Dog Picnic

Cookouts: Food and Pet Safety

Cookouts can be amazing family fun, great neighborhood get-togethers, and spectacular ways to celebrate. It is natural to want to include a beloved pet as part of a picnic, barbecue, or camping trip, but cookouts can be dangerous for cats and dogs. Understanding those dangers is an essential first step to keep your four-legged friends and family members safe.

Cookout Foods Can Be Toxic to Pets

Many of our most popular cookout foods can be dangerous for pets, even in small quantities. These items should never be offered to animals, even as tiny treats.

  • Grilled Meats – The spices, rubs, marinades, and sauces used on many grilled meats include seasonings such as onion, garlic, and salt that are dangerous for pets. Furthermore, discarded fat scraps can cause digestive distress, and cooked bones are brittle and sharp, which could lead to internal injuries if pets consumed them.
  • Potato Salad – A cookout staple, potato salad is a mix of several foods that can be toxic to pets. Mayonnaise, garlic, and mustard can all hurt pets, and different ingredients such as onions can harm pets as well.
  • Fruit Salad – Different types of fruits, including raisins, cherries, rhubarb, grapes, and citrus fruits, all have compounds that are hazardous to pets. Seeds, rinds, and pits can also be choking hazards or toxic to both cats and dogs.
  • Chips and Pretzels – The excessive carbohydrates, salt, and any seasonings on these quick, easy cookout sides are dangerous to animals and can quickly upset the digestive balance of cats and dogs.
  • Drinks – Animals should only be given fresh, clean water to drink. Different chemicals in alcohol and milk, as well as the high levels of caffeine or sugar in teas and other cookout drinks, can be dangerous for pets to consume.
  • Desserts – Chocolate is deadly to many animals, and other common ingredients in desserts such as macadamia nuts, almonds, and pistachios are also hazardous. Even in healthier desserts, it is important to note that sugar substitutes can also be deadly to pets.

General Cookout Food Safety

Of course, any food that is poorly prepared or improperly handled can be dangerous not just to pets, but to all cookout guests. Raw meat and dairy products, including salads or sandwiches that have butter, mayonnaise, or sour cream, must be kept at appropriate temperatures for food safety. Use coolers and plenty of ice to keep foods refrigerated, or if possible, use a nearby kitchen to store cold foods properly until needed.

Meat should be thoroughly cooked to the proper internal temperature, and not allowed to sit and cool to low temperatures that could foster bacterial growth. Cooked meat should not be returned to the same surface, such as a platter or cutting board, where raw meat was resting.

Anyone handling food should wash their hands thoroughly before and after cooking, and everyone should wash their hands before eating. After the meal, dishes should be disposed of properly and any leftovers quickly stored in safe conditions.
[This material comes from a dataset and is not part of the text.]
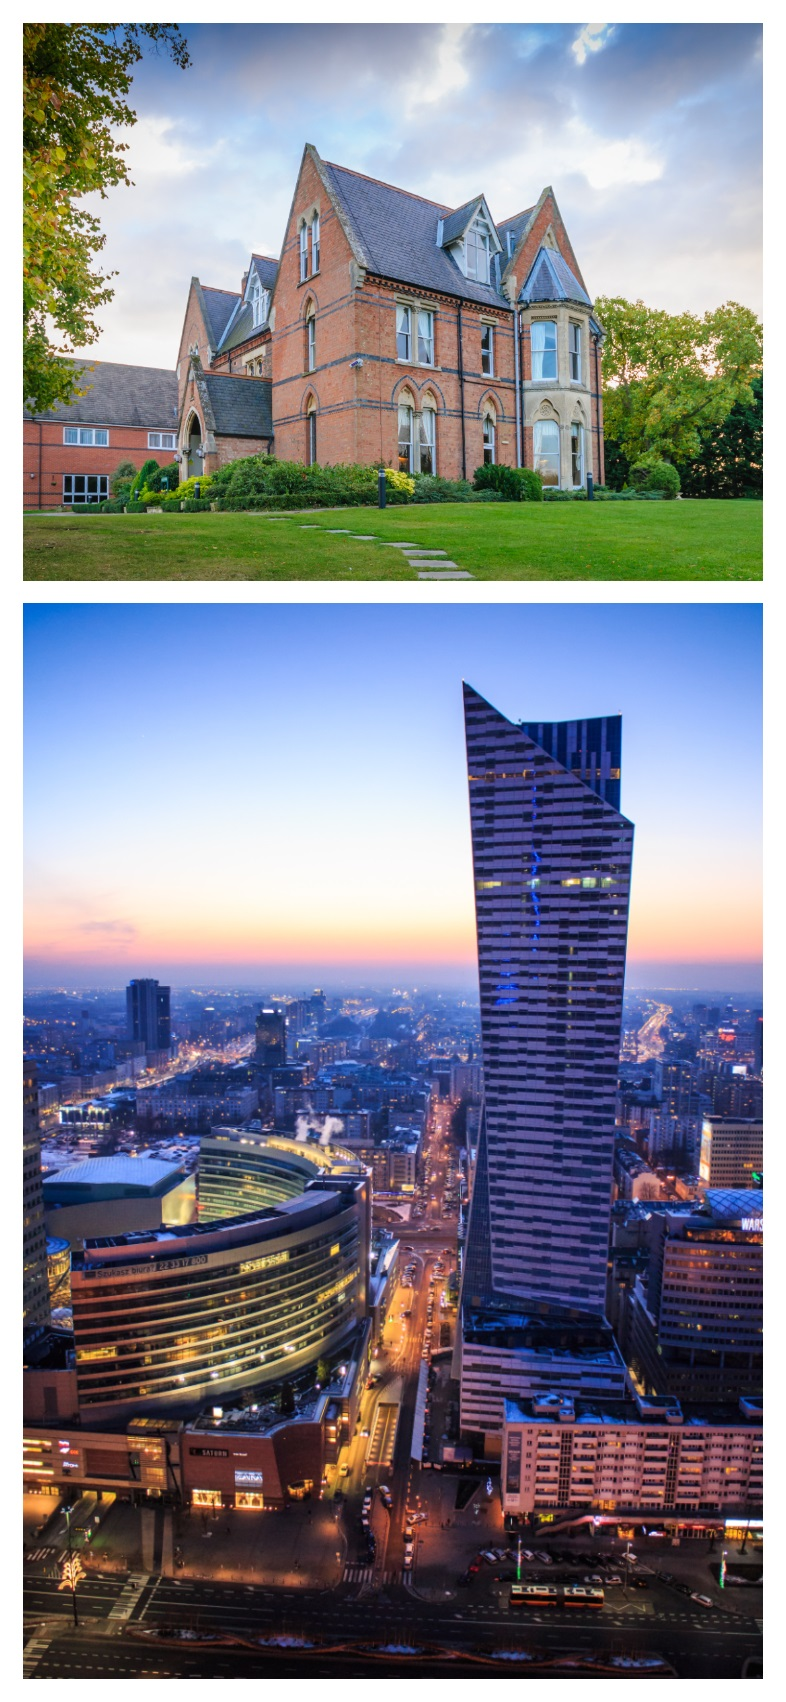 Property Architectural Photography Warwickshire Birmingham Midlands London UK 8

Keeping Pets Safe at Cookouts

There are many easy steps pet owners can take to be sure their animals are safe at cookouts.

  • Train pets not to beg for scraps and do not feed them from the table.
  • Feed pets before the cookout or while guests are eating so they do not get inappropriate food.
  • Keep all food out of reach of pets, including ambitious counter-surfers.
  • Do not leave any food unattended or in areas where it could fall or be spilled.
  • If any food is accidentally spilled, clean it up immediately so pets cannot get it.
  • Cover serving dishes tightly or use weighted domes to protect food from inquisitive pets.
  • Have a tall, heavy trash can available for disposable plates and scraps so pets cannot get to them.

If a pet does get inappropriate food, watch the animal closely for signs of illness or distress, such as vomiting, diarrhea, breathing difficulties, dizziness, bloating, or a swollen mouth. If these or any other unusual symptoms appear, contact an emergency veterinarian right away for assistance.

Cookouts can be great fun, but it’s no fun to put a beloved pet in danger. By understanding how cookouts can be dangerous for pets, it’s easy to take steps to keep them safe.